--- START ---
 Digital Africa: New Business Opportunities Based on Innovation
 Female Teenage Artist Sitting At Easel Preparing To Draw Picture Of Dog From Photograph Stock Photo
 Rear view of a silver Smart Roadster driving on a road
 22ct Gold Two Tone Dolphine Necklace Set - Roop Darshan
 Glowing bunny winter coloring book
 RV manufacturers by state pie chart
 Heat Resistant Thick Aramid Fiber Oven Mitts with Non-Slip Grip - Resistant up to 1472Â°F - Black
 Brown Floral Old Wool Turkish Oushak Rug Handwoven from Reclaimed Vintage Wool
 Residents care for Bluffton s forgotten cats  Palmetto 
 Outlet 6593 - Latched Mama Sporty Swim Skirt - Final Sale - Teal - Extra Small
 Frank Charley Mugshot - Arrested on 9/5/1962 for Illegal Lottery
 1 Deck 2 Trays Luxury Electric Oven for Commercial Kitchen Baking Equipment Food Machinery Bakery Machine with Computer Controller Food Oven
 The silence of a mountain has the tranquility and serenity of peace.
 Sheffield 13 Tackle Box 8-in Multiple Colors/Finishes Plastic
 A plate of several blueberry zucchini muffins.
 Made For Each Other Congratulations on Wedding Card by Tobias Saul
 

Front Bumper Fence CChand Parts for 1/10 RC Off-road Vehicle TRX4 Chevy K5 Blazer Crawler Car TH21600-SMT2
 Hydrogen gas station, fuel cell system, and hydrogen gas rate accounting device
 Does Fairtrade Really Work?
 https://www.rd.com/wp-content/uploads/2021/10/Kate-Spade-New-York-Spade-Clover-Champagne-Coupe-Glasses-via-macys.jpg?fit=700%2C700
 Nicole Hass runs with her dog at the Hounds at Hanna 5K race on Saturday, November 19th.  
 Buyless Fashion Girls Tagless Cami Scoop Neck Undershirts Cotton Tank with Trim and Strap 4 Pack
--- END ---
▶ Problem description:
Output, from the data above, the lines from the line with "Frank Charley Mugshot" to the line with "Sheffield 13 Tackle" exactly as they stand, both ends included and nothing else.

▶ Worked solution:
 Frank Charley Mugshot - Arrested on 9/5/1962 for Illegal Lottery
 1 Deck 2 Trays Luxury Electric Oven for Commercial Kitchen Baking Equipment Food Machinery Bakery Machine with Computer Controller Food Oven
 The silence of a mountain has the tranquility and serenity of peace.
 Sheffield 13 Tackle Box 8-in Multiple Colors/Finishes Plastic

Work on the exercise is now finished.